Стихотворения и поэмы. Рассказы. Борислав смеется — страница 26 из 73

— Э, дурак! Этот хам не иначе как пьян был, не отскочил вовремя. Кто в этом виноват? — ответил сердито и высокомерно строитель и отвернулся. Мастер пожал плечами и замолчал. Но строитель почувствовал шпильку в его словах и кипел от злости.

Между тем пора было кончать закладку. Служки подвели раввина к маленькой, но довольно удобной лесенке, и он спустился по ней на дно котлована, где на предназначенном месте лежал камень. На поверхности камня была выдолблена четырехугольная, довольно глубокая ямка, а вокруг нее багровели свежие пятна крови, брызнувшие из раны Бенеди. Раввин пробормотал еще какую-то молитву, а потом первый бросил небольшую серебряную монетку в выдолбленную в камне ямку. Вслед за ним то же самое проделали служки, а затем и остальные гости начали спускаться по лесенке и бросать кто мелкие, кто крупные монеты. Дамы вскрикивали, пошатывались на ступеньках, поддерживаемые мужчинами; только дочь Леона, Фанни, горделиво и смело спустилась в яму и бросила дукат. За дамами и мужчины один за другим начали спускаться в котлован. Отпрыск польской шляхты шел следом за Германом и косо посмотрел на богача, когда тот брякнул блестящим золотым дукатом; у шляхтича в кармане был лишь серебряный гульден, но, чтобы не поступиться своим шляхетским гонором, он быстро отстегнул от манжеты золотую запонку и бросил ее в ямку.

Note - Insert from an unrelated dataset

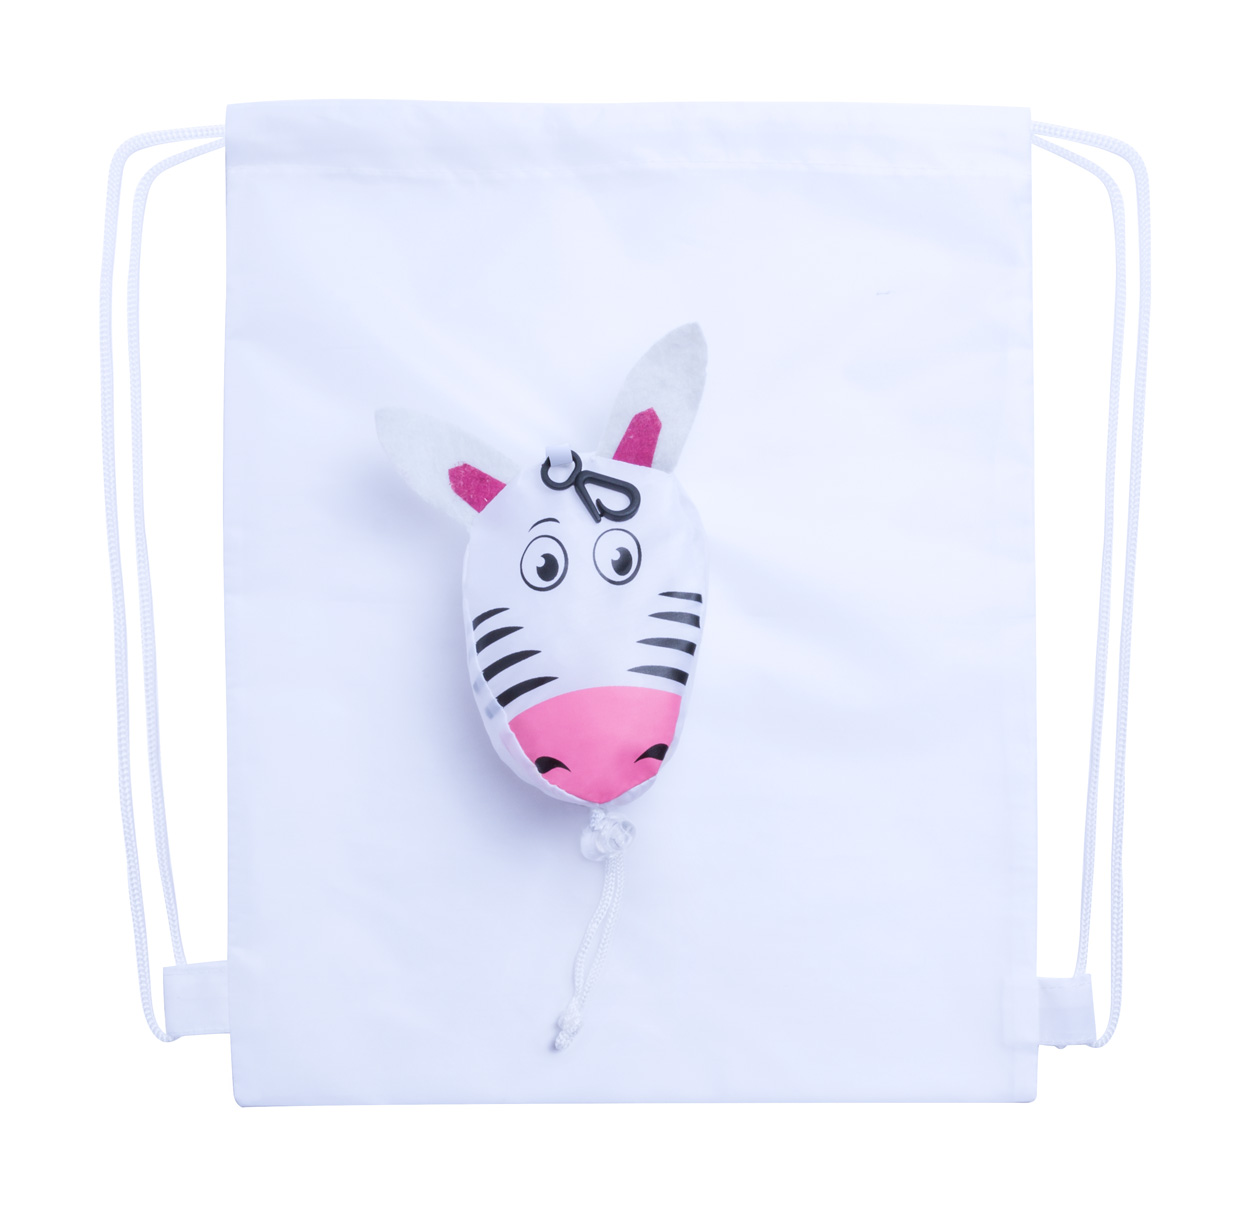 Promo  Kissa, dječja sklopiva torbica s uzorkom zebre, bijele boje

Долго тянулась вереница гостей, долго звенело золото и серебро, падая в каменную ямку и заливая ее блестящей волной. Рабочие, стоявшие возле котлована в ожидании приказания мастера, с завистью смотрели на этот обряд. Наконец бросание денег кончилось, — ямка наполнилась почти до краев. Леон, который до сих пор стоял возле лесенки и всем выходящим из котлована дружески пожимал руки (с Германом и шляхтичем он на радостях даже поцеловался), выступил теперь вперед и приказал принести плиту и цемент, чтобы замуровать фундамент. Рабочие бросились исполнять его приказание, а он тем временем подошел к клетке с щеглом.

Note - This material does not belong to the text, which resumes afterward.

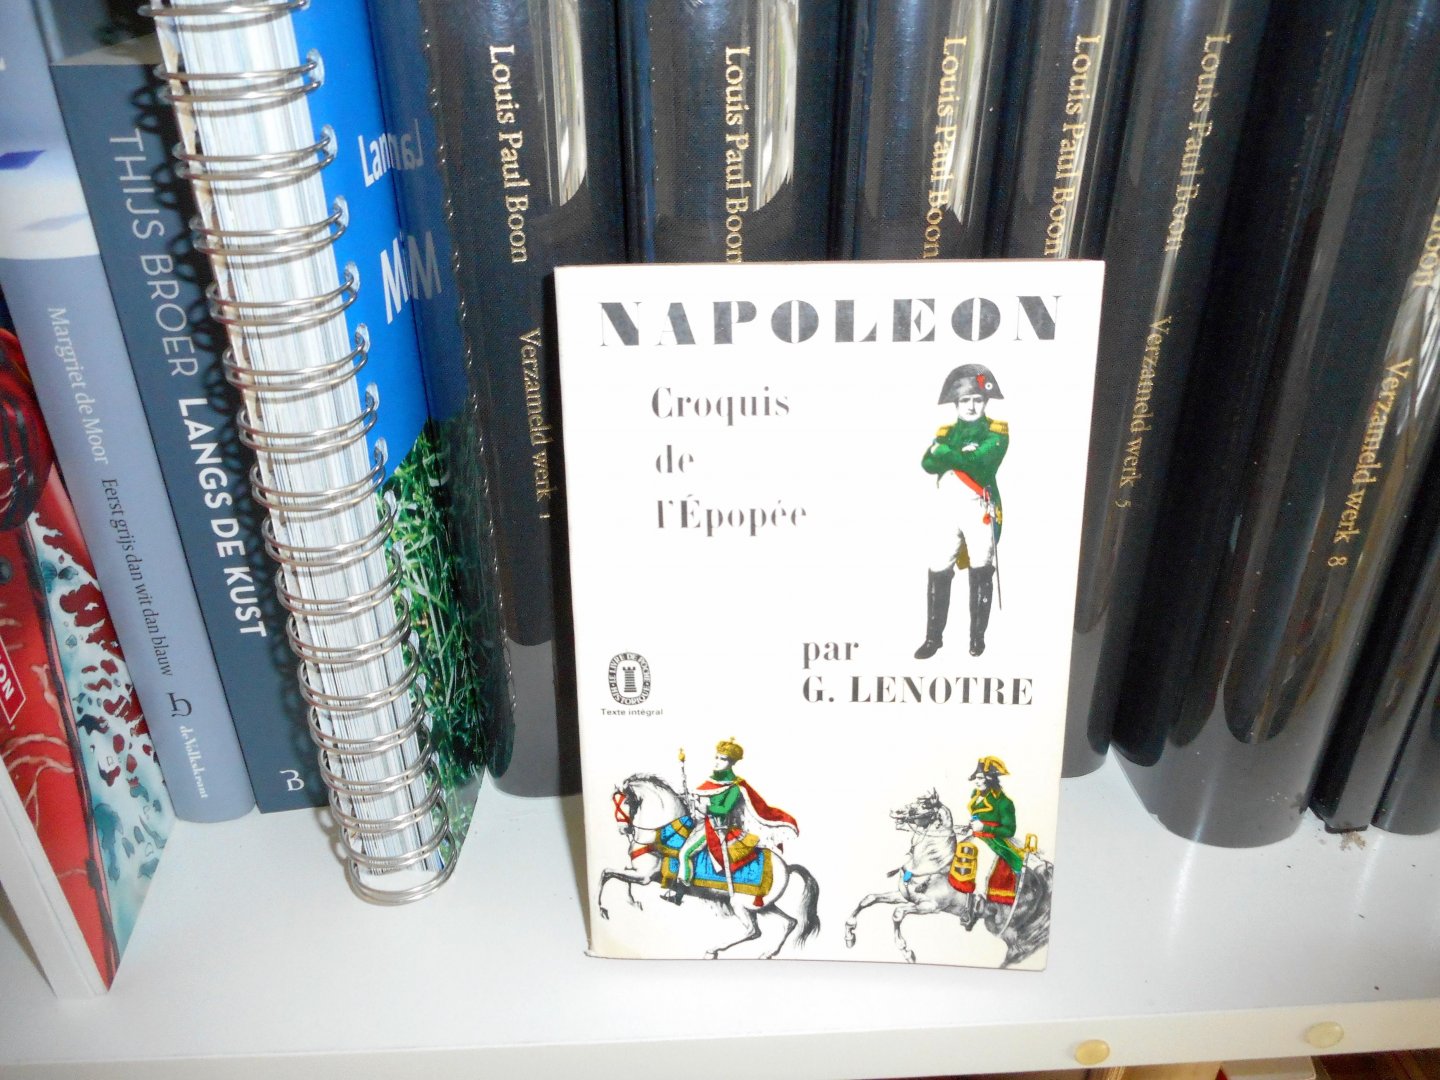 LENOTRE, G. - NAPOLÉON. CROQUIS DE L'ÉPOPÉE

«Тикили-тлинь! Цюринь, цюринь! Куль-куль-куль!» — щебетала птичка, не ожидая для себя ничего плохого. Тонкий, чистый голосок щегла звенел в тихом воздухе, как стекло. Вокруг все смолкли, с любопытством глядя на завершение торжественного обряда закладки. Леон снял клетку с птичкой с шеста и, высоко поднимая ее, сказал:

— Мои дорогие соседи, а сегодня гости! Великий это день для меня, очень великий. Человек, который сорок лет скитался по безлюдным пустыням и бурным морям, сегодня впервые увидел себя вблизи спокойной пристани. Здесь, в счастливом городе Дрогобыче, я задумал свить себе гнездо, которое было бы красой и славой города…

— Браво, браво! — закричали гости, прерывая его. Леон поклонился с улыбкой и продолжал:

— Отцы наши учили нас, что для того, чтобы начать какое-нибудь дело счастливо, чтобы счастливо его завершить и счастливо воспользоваться его плодами, нужно прежде всего привлечь на свою сторону местных духов. Вы верите в духов, господа? Может быть, есть среди вас такие, которые в них не верят. Я, признаюсь вам, верю в них. Здесь, в этой земле, в этих каменных глыбах, в этой извести, в руках и в головах людей — во всем этом живут духи, сильные, таинственные. Только при их помощи будет воздвигнут мой дом, моя твердыня. Только они будут ее опорой и защитой. Умилостивить этих духов жертвой, кровавой жертвой — вот цель сегодняшнего великого обряда. Чтобы довольство и благополучие — не для меня, а для всего города — процветали в этом доме, вы любовной рукой бросили в эту каменную борозду золотое семя. Чтобы здоровье, веселье и красота — не для меня, но для всего города — расцветали в этом доме, я жертвую духам города этого жизнерадостного, здорового, веселого и красивого певца!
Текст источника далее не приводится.